Wednesday, October 26, 2011

Scientists are Producers too

At least the good ones are.  But sometimes, it takes them extra-long to realize that as far as a Predator is concerned, a top-notch scientist is mostly just like an immigrant farm worker—someone who exists to be ripped off.  I remember when my brother-in-law was walking picket lines on cold, rainy, dark, winter, Seattle nights during the 2000 SPEEA strike.  The fact that the strikers were literally the top rocket scientists in the world did not help much.  They were still wet and cold.  Boeing still had management types who did not have a clue why they needed their skills.  And they would have lost their strike, badly, if the local Teamsters hadn't shown up to help—and remind them that the Predators who screw with truckers will screw with rocket scientists and not lose a second of sleep over it.

So it is with some satisfaction that I notice that there are a few scientists in Baltimore who who have joined the #OWS movement and that Scientific American is actually covering it.  After all, the scientific community has everything to lose when banksters make off with the public purse, but meaningful lives if the society can finance the infrastructure upgrades we so desperately need.  In some ways, they should be LEADING the #OWS movements.  (What am I saying?
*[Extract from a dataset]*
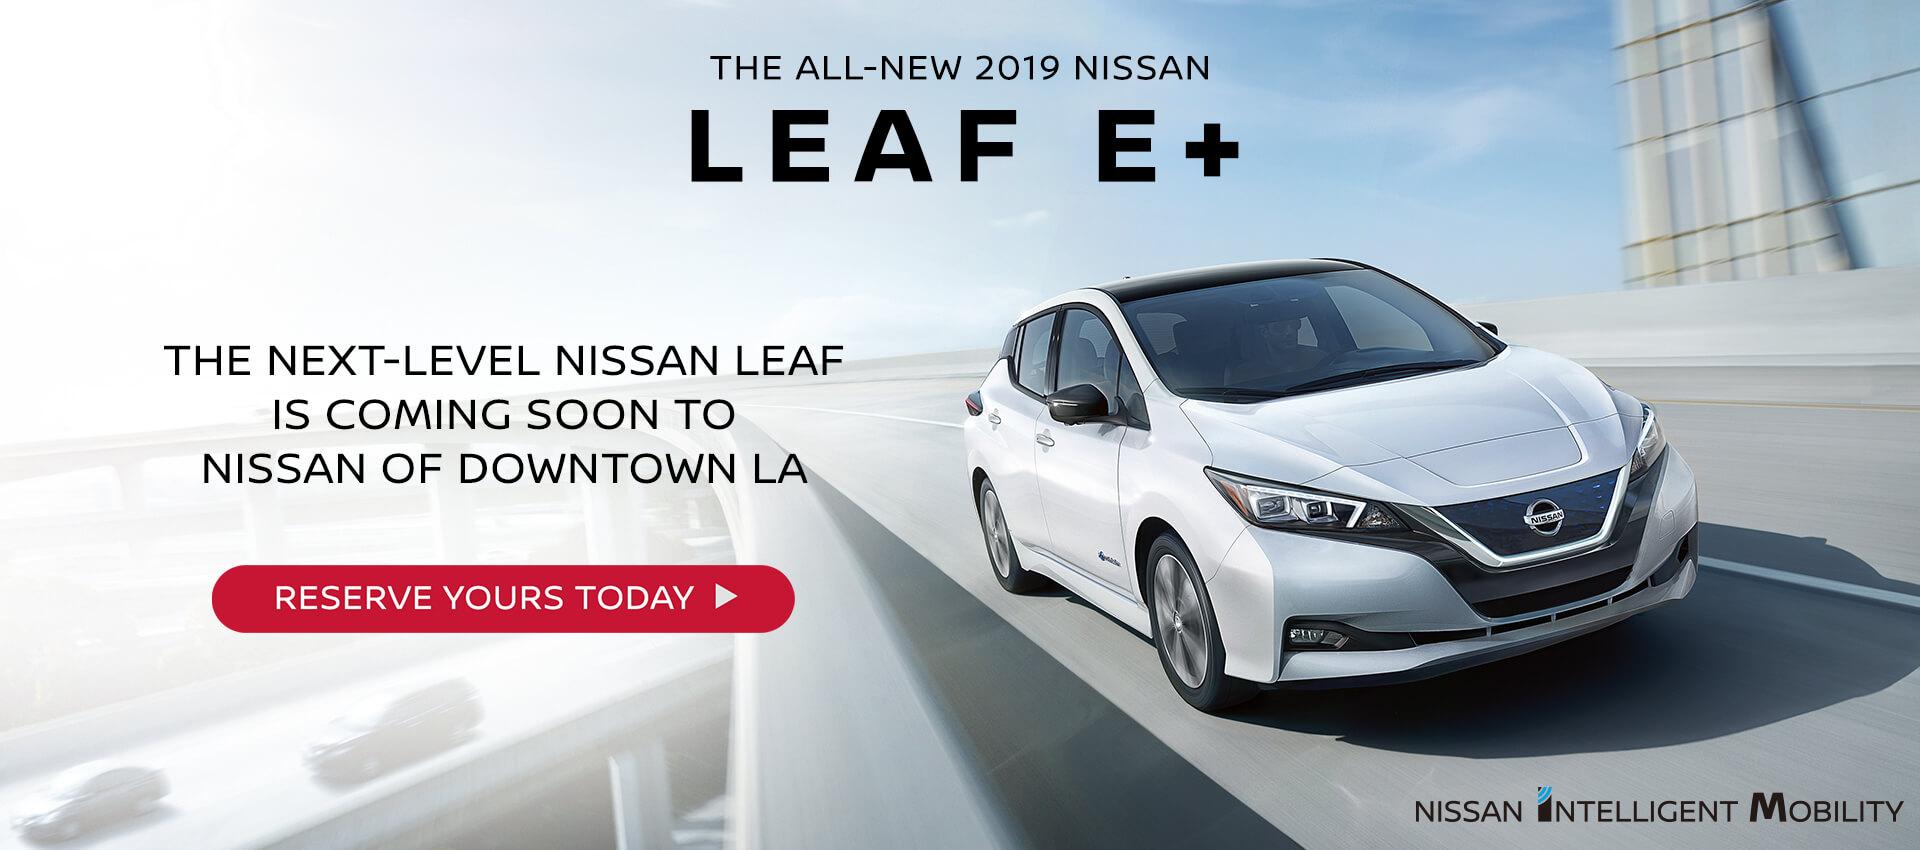 All New 2019 Leaf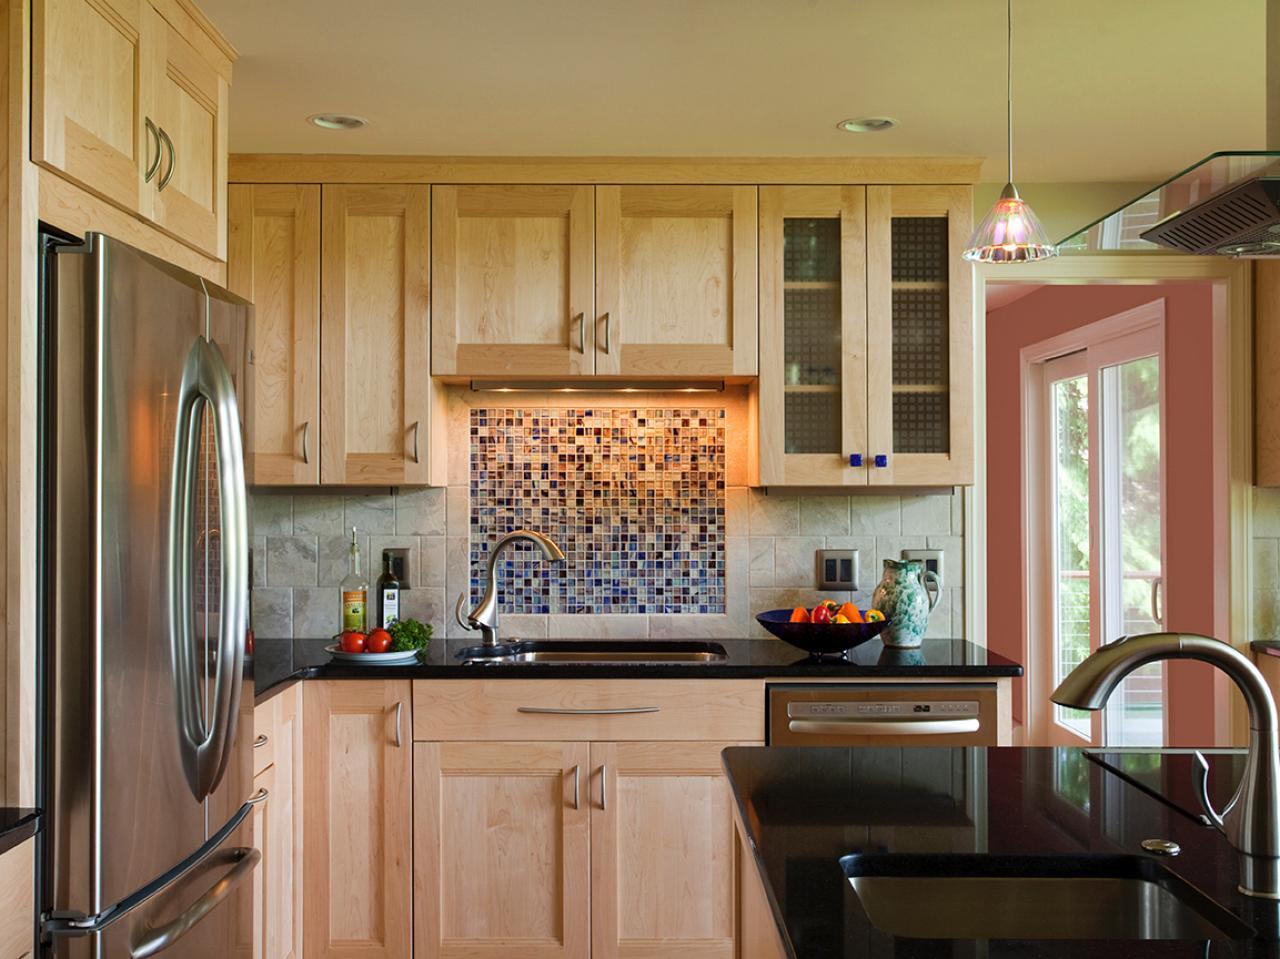 Декоративная вставка из мозаики на кухне

Didn't Veblen die hoping his idealized engineers would create the rational social movement? —sigh—)

Hungry for Jobs and for Change, Scientists Join the Occupy Movement
By Marc Kuchner | October 24, 2011  
Traffic backed up along Baltimore’s inner harbor last week as protestors from the “Occupy” movement waved signs and shouted at the passing drivers. And among the protestors were scientists and science students, unhappy with their job prospects, their funding prospects, and the way science is viewed in America. 
I had heard about the protests on the news, and hadn’t paid too much attention. But as I drove by the crowd, a sign held by one of the protesters caught my eye: 
“PhDjob.” 
That’s a shorthand way of saying what has become all too familiar to us scientists: lengthy training and academic credentials no longer suffice to launch a career in science. 
This message is a new tone in the Occupy movement’s chord. 
Brandie Cross held the sign. She in the 5th year of a PhD program in biochemistry at The Johns Hopkins University. Her specialty is breast cancer, a traditionally well-funded specialty. But she’s sure her job prospects are dim. “I’d like to start my own biotech company. I have tons of inventions, and I want to be funded by NIH. But there’s no money.” 
I also spoke with Dr. Troy Rubin, a neuroscientist at Johns Hopkins who also showed up at the protest, and I heard a different angle; Rubin was more worried about the long-term future of America. I asked him why he was participating and he said, “We live in a society where wisdom is less appreciated than money. An economically driven society is fundamentally unsustainable.” 
The Occupy protestors view corporate greed and the disproportionate power of the wealthiest 1% of Americans as the causes of a wide range of problems in America. Since September, protests have sprung up in more than one hundred cities around the country. Baltimore is a small city with many institutions of research and higher learning, so perhaps it makes sense that Baltimore’s version of the Occupy movement would involve scientists. 
And scientists have certainly had much cause to protest during the last decade. With the sidelining of the American Competes act, the failure of Congress to pass climate change legislation, and the nationwide crisis afflicting science, technology and math (STEM) education, many of us are feeling helpless and angry, not just Cross and Rubin. 
As an astrophysicist, I’ve watched funding sources in my field wither and my own students struggle to stay employed. Studies show that only half of U.S. adults can correctly answer the basic question: How long does it take for the Earth to go around the Sun? This statistic disheartens me. And the recently threatened closing of physics departments in Texas and Florida would not help the situation. I’m almost ready to protest too. 
Even so, I was still surprised to see scientists engaged in the Occupy protest. We’re generally a quiet bunch, more comfortable with armchair discussions than rabble rousing. more
Note: This post 1000.  And even though it smacks of cheap numerology, it is probably a good thing to note such milestones.  So I am especially glad that this post is on my favorite topic—the Producers who have done more to change the world than all the Leisure Class philosophers, clergymen, and revolutionaries combined.  It's fun to revel in the accomplishments of the Producer superstars.